With this technology researchers can also use polymeric nanoparticles to transfect primary human T cells or hematopoietic stem cells following in vitro incubation to induce a transient expression of therapeutically relevant proteins that can generate permanent alterations in the absence of transgene integration. In a recent study [13], these particles were used to modify T cells present in a mixed population of immune cells isolated from peripheral blood by knocking out the native TCR among T cells to which a chimeric antigen receptor (CAR) was subsequently introduced.
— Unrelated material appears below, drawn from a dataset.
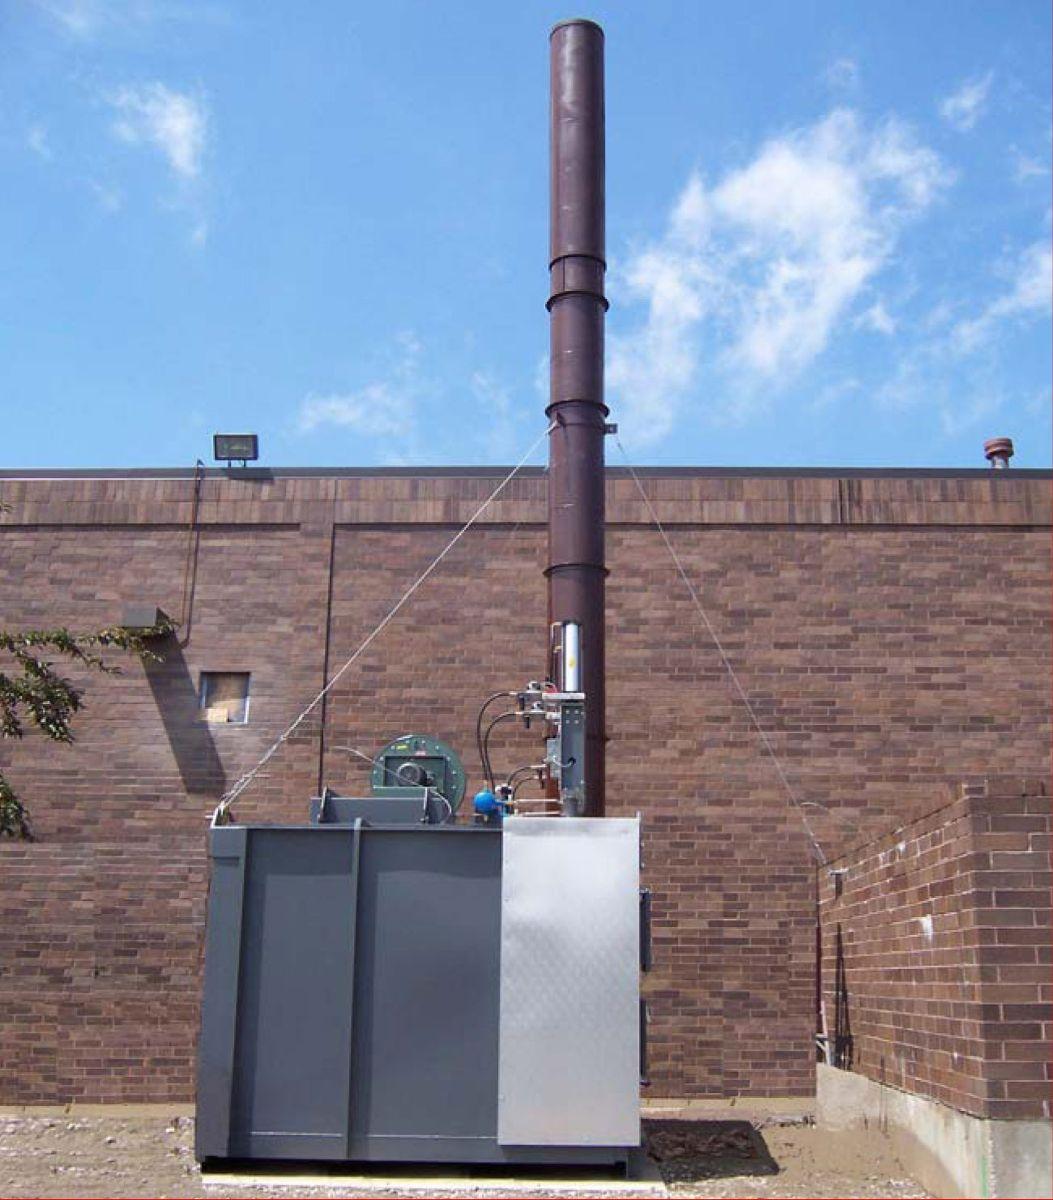 Regenerative Thermal Oxidizer, TRITON Series, installed for Custom Coater using Turnkey Method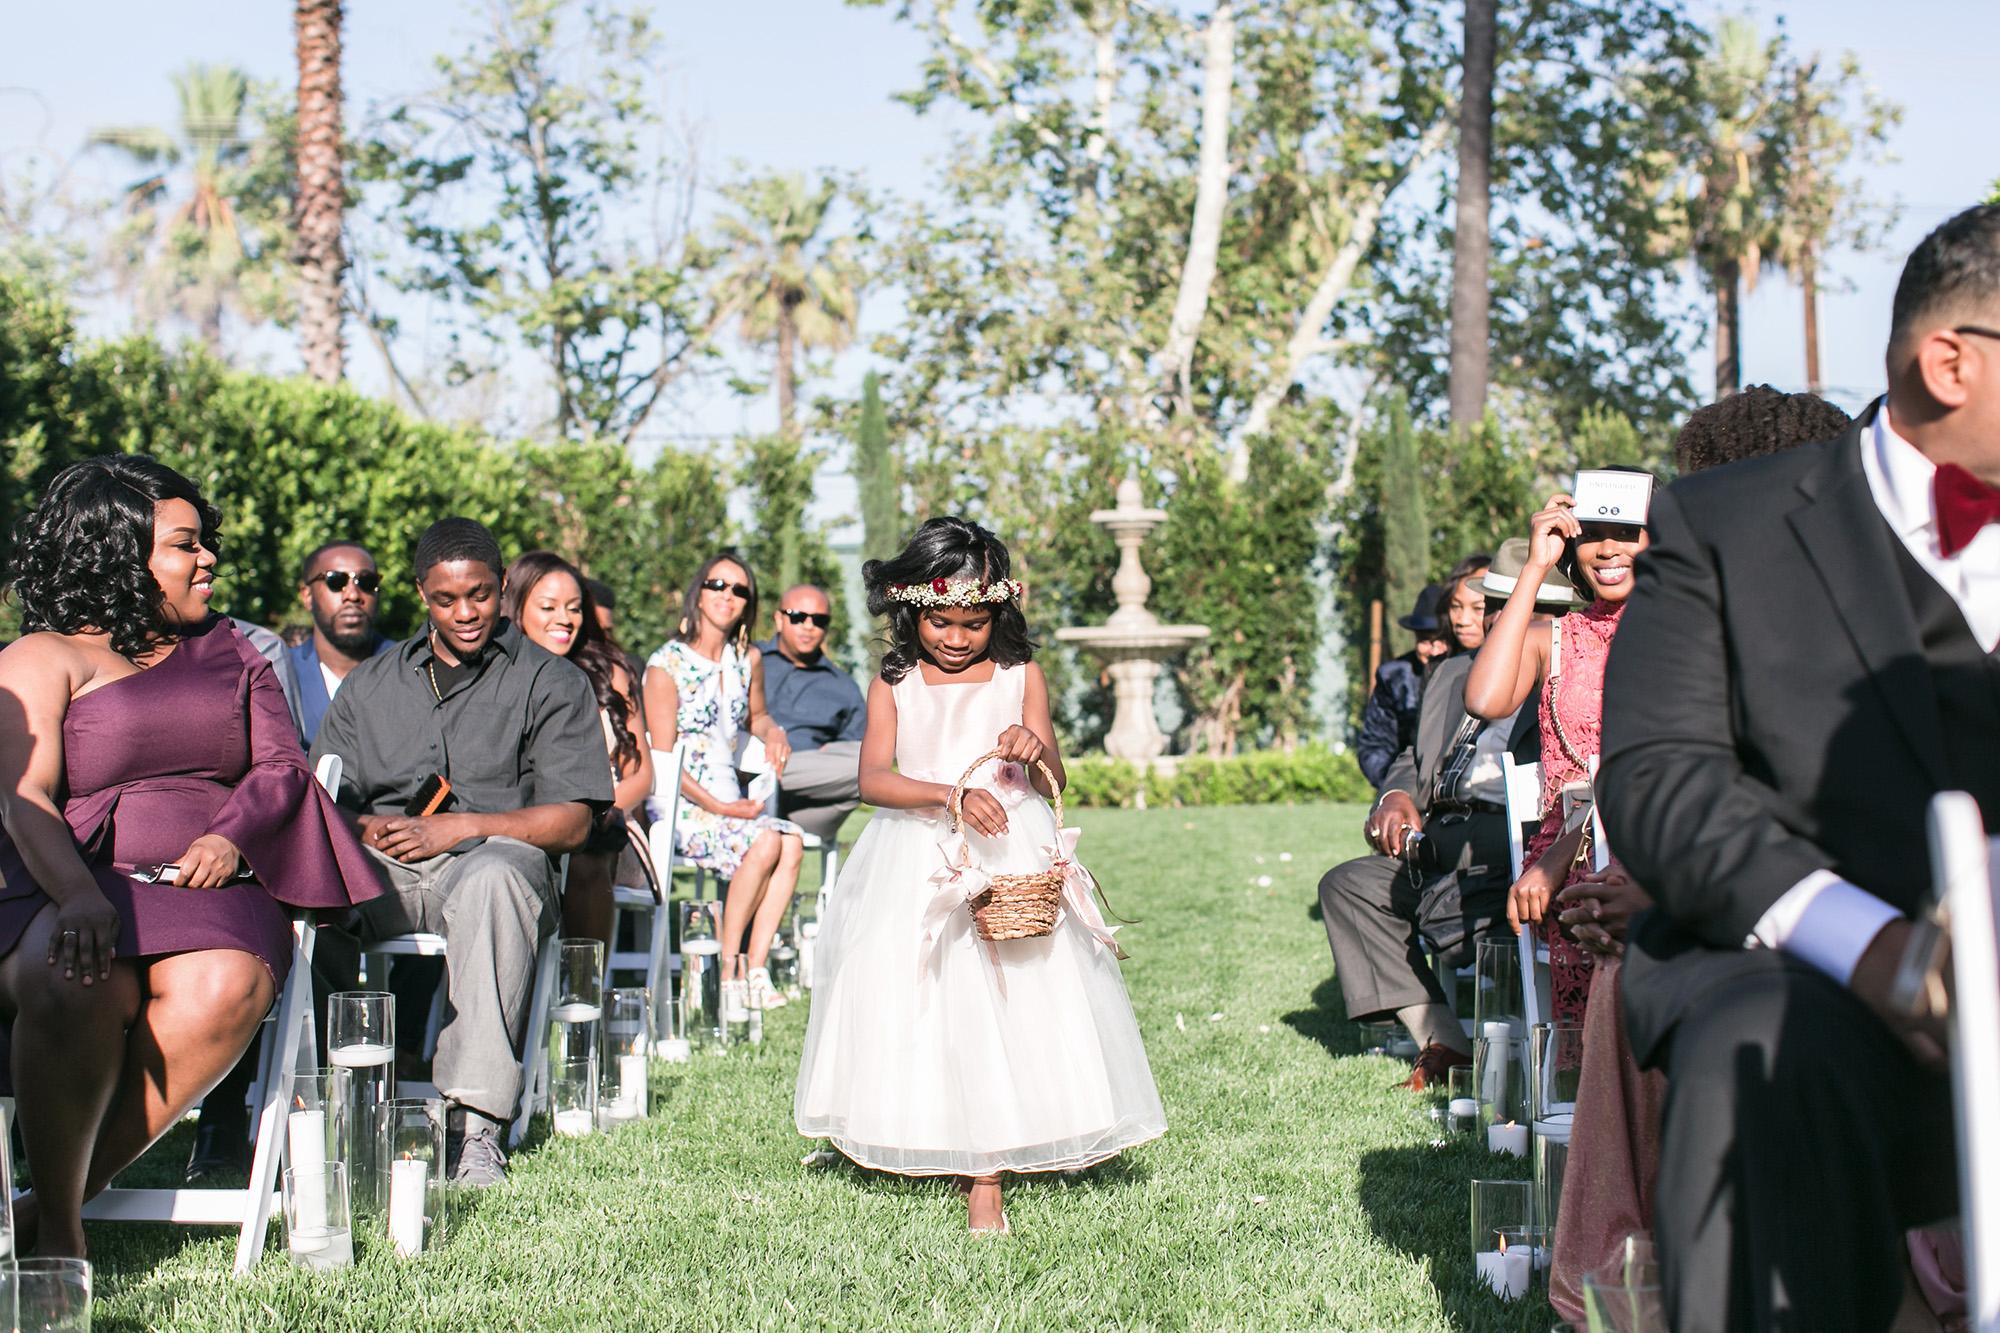 associate-photographer-christmas-house-wedding-carrie-vines-0049.jpg

T cells were also transfected with an mRNA encoding a transcription factor that promotes central memory T cell formation, and the resultant improved antitumor functionality of these CAR T cells in a mouse model of lymphoma led to enhanced survival.
One main advantage of lipid nanoparticles is that they do not involve neither the costly and elaborate protocols required by viral vectors, nor physical disruption of the cell membrane that results in the cytotoxicity observed upon electroporation.
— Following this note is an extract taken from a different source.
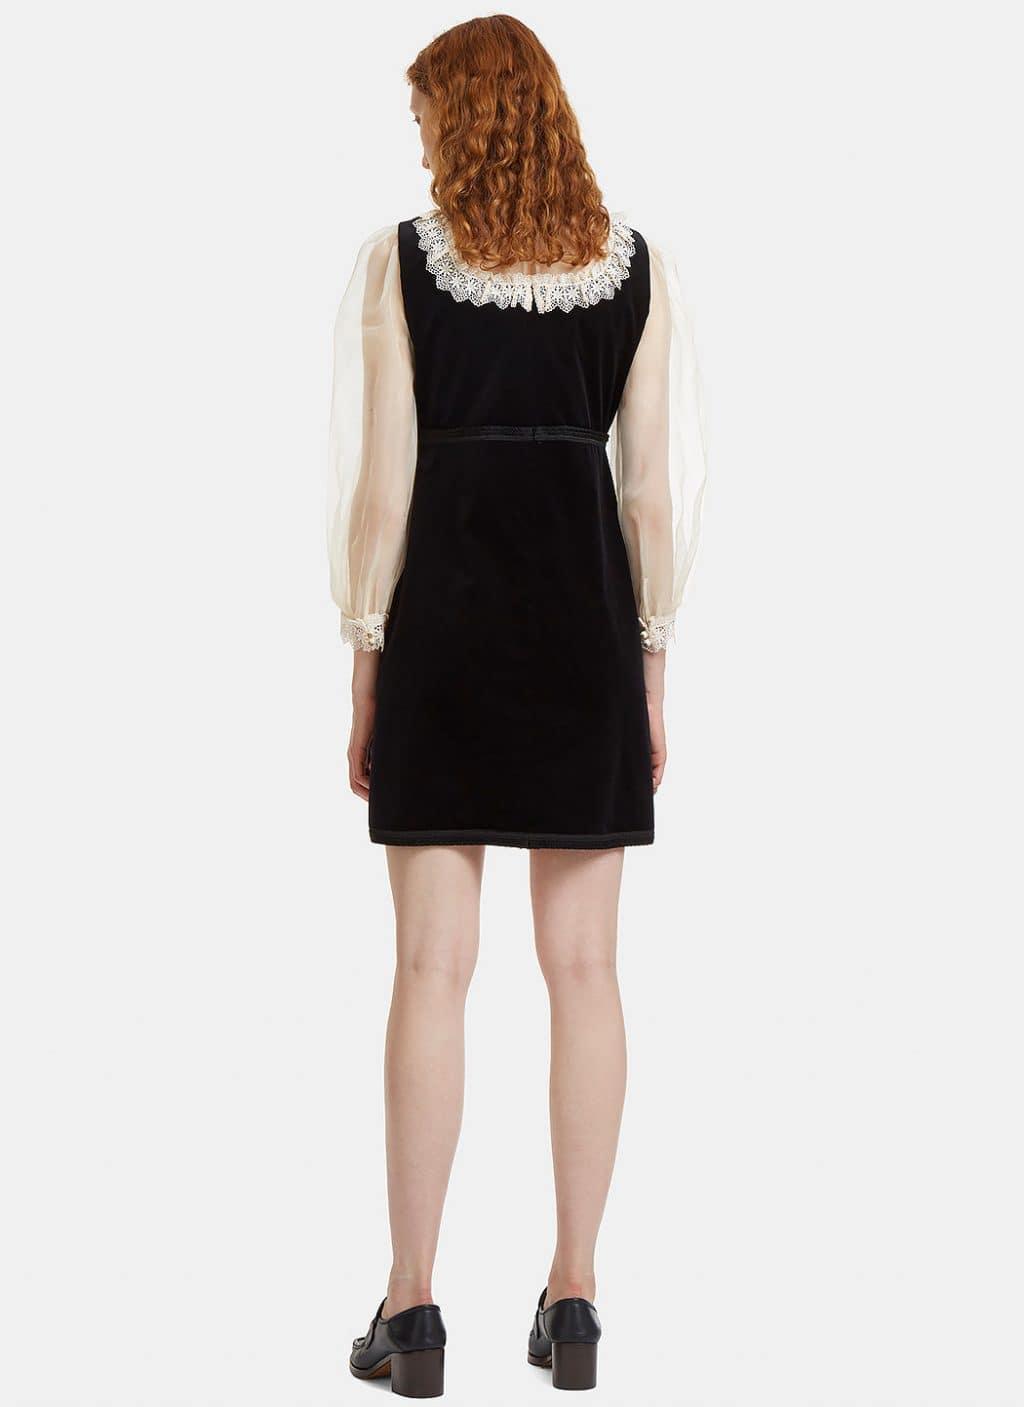 GUCCI Women's Lace-trimmed Pussybow Velvet Black Dress

Some immunoengineering approaches are now entering the clinic, although the manufacturing of clinical-grade materials represents a key factor that cannot be overlooked. Particles, devices and cells require reproducibility and scalable chemistry, manufacturing and a translation towards good manufacturing practice-grade production. Despite all these difficulties, immunoengineering is maturing fast and soon will positively impact the patient lives.
References:
1. Goldberg, M.S., Improving cancer immunotherapy through nanotechnology. Nat Rev Cancer, 2019. 19(10): p. 587-602.
2. Khalil, D.N., et al., The future of cancer treatment: immunomodulation, CARs and combination immunotherapy. Nat Rev Clin Oncol, 2016. 13(5): p. 273-90.
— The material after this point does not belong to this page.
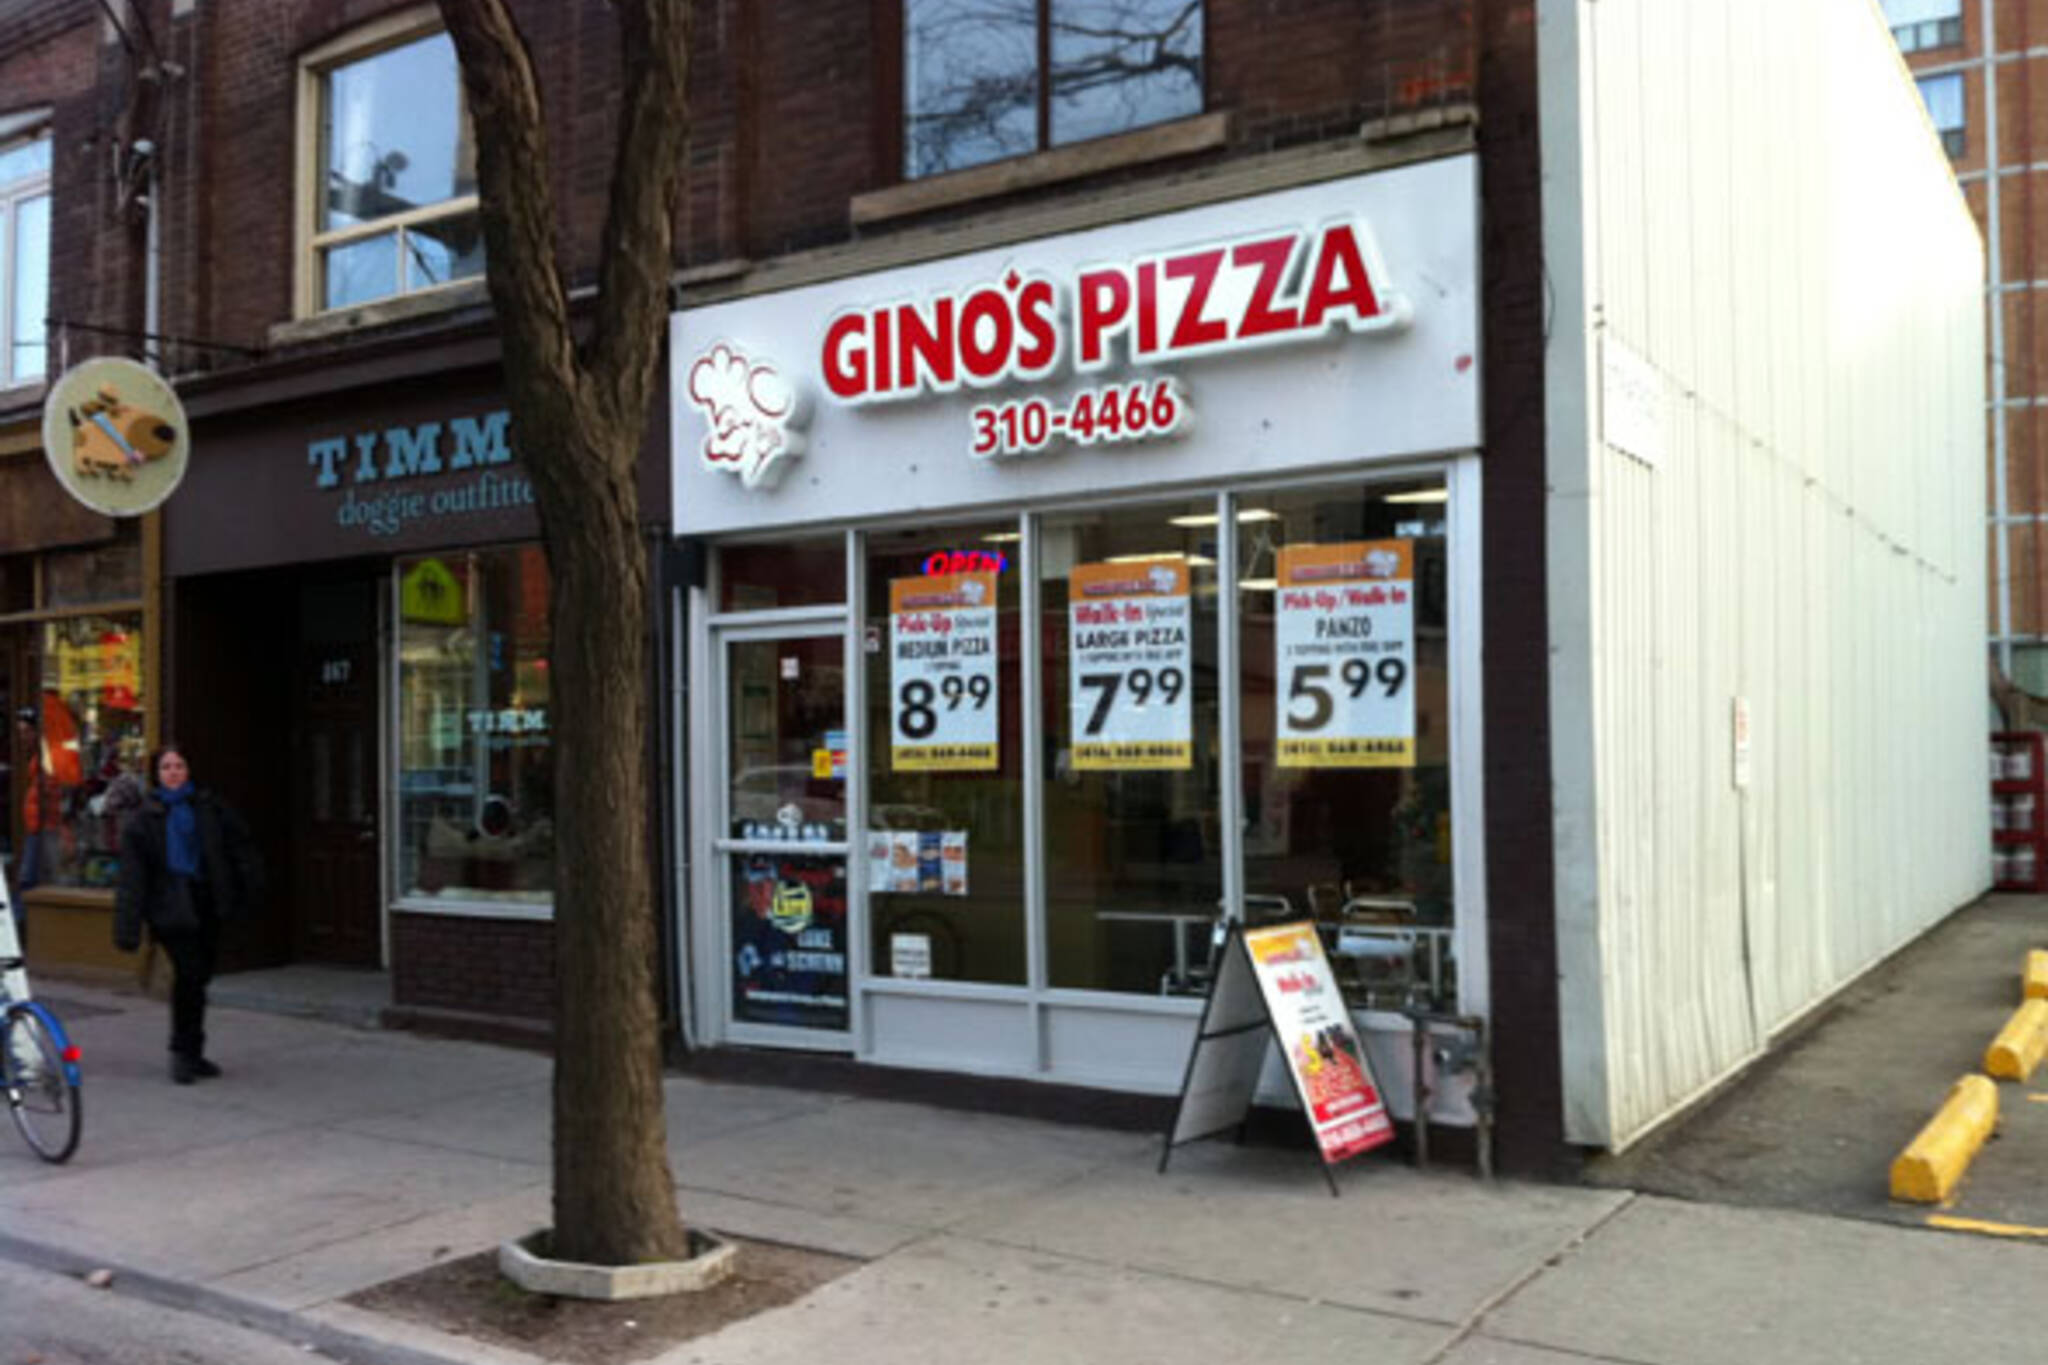 Ginos Pizza

3. Yarchoan, M., A. Hopkins, and E.M. Jaffee, Tumor Mutational Burden and Response Rate to PD-1 Inhibition. N Engl J Med, 2017. 377(25): p. 2500-2501.
4. Sharma, P., et al., Primary, Adaptive, and Acquired Resistance to Cancer Immunotherapy. Cell, 2017. 168(4): p. 707-723.
5. Jeanbart, L. and M.A. Swartz, Engineering opportunities in cancer immunotherapy. Proc Natl Acad Sci U S A, 2015. 112(47): p. 14467-72.
6. Riley, R.S., et al., Delivery technologies for cancer immunotherapy. Nat Rev Drug Discov, 2019. 18(3): p. 175-196.
7. Kwong, B., et al., Localized immunotherapy via liposome-anchored Anti-CD137 + IL-2 prevents lethal toxicity and elicits local and systemic antitumor immunity. Cancer Res, 2013. 73(5): p. 1547-58.
8. Perica, K., et al., Magnetic field-induced T cell receptor clustering by nanoparticles enhances T cell activation and stimulates antitumor activity. ACS Nano, 2014. 8(3): p. 2252-60.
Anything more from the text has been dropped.